–Что ж, я буду с Вами откровенен. Вы намереваетесь сообщить всей Австро-Венгрии, а после – и всему миру о своем открытии, так? А это значит, речи свои Вы будете начинать примерно так: «Приехал я как-то раз в столичную больницу святого Роха и обнаружил повышенную смертность от сепсиса. Посмотрел на своих коллег и понял – какие же они дураки, что в 19 веке, когда хлорное обеззараживание с успехом применяется в другой части страны, да и во всем мире, не удосужились помыть руки и тем самым по сути отняли жизни у сотен женщин?!» Так? И что же после этого прикажете делать нам? В петлю? Или в тюрьму? Поругать честь клиники, честь профессии врача…

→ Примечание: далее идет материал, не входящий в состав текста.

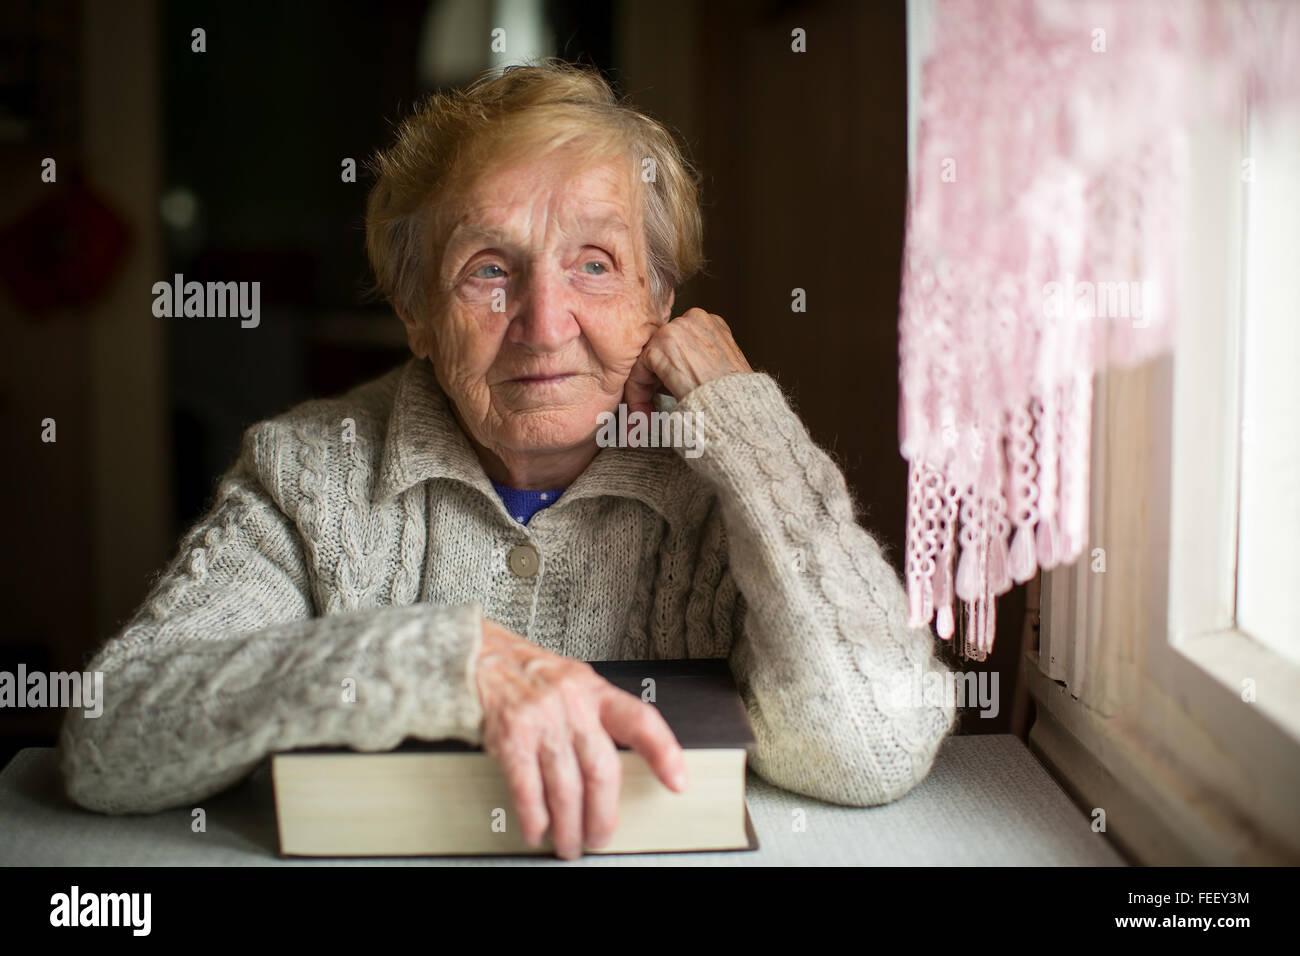 Una anciana mujer sentada con un libro grande cerca de la ventana. Imagen De Stock
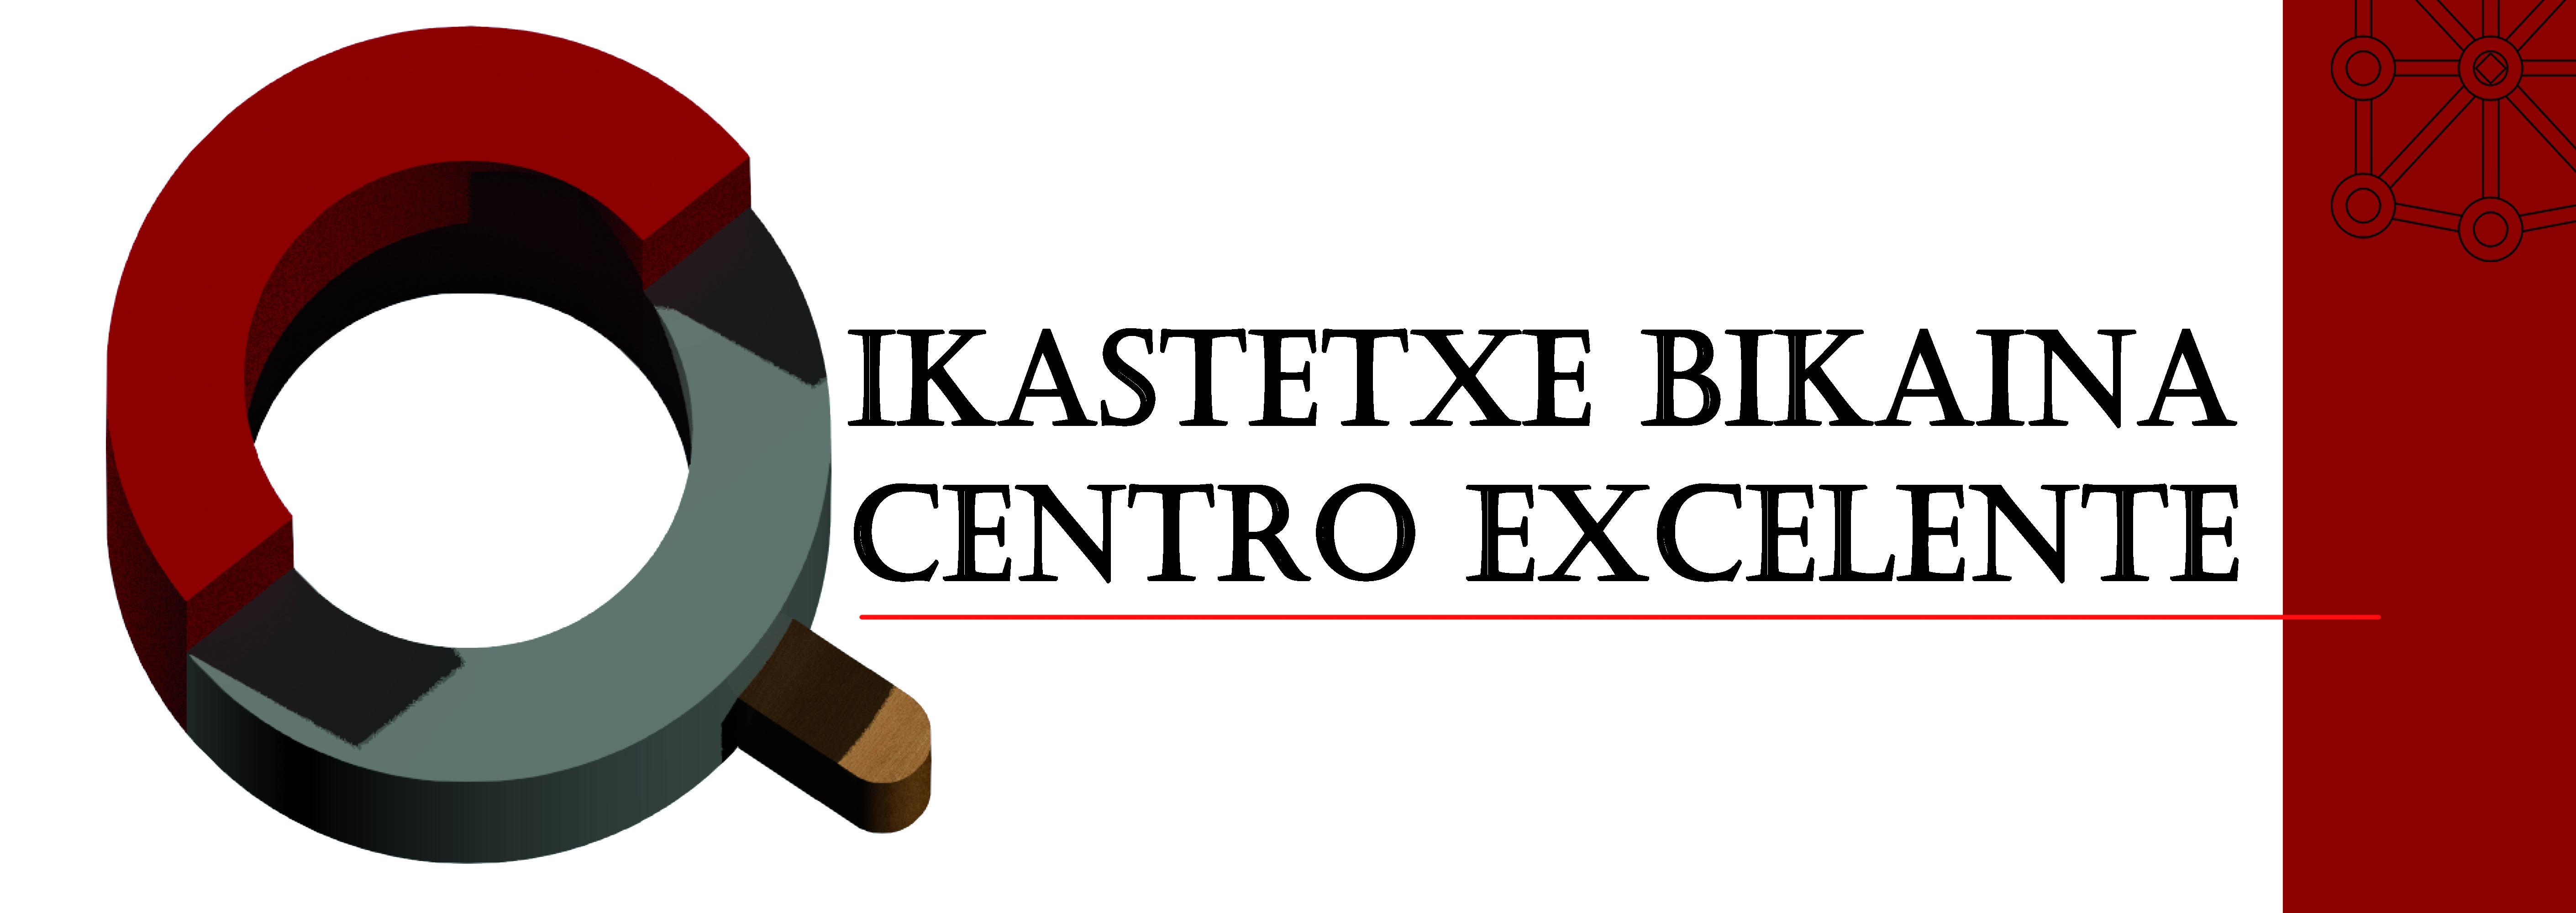 Centro Excelente/Ikastetxe bikaina

–Что Вы говорите, доктор Клейн?! О какой чести врача можно рассуждать, когда Вы впрямую отказываетесь от исполнения своего профессионального долга… в угоду каким-то мещанским соображениям!
–Это не мещанство, мой юный друг! Это жизненная необходимость сохранить жизнь и свободу людей, которых Вы обвиняете в убийствах! Получается, что жизни одних Вы собираетесь спасать за счет жизней других! А этого я, как главный врач, не могу допустить!
–Что же мне делать?
–Я разрешаю Вам применение антисептических средств в пределах клиники. Но если Вы растрезвоните об этом по всему миру, то можете смело покидать пределы больницы.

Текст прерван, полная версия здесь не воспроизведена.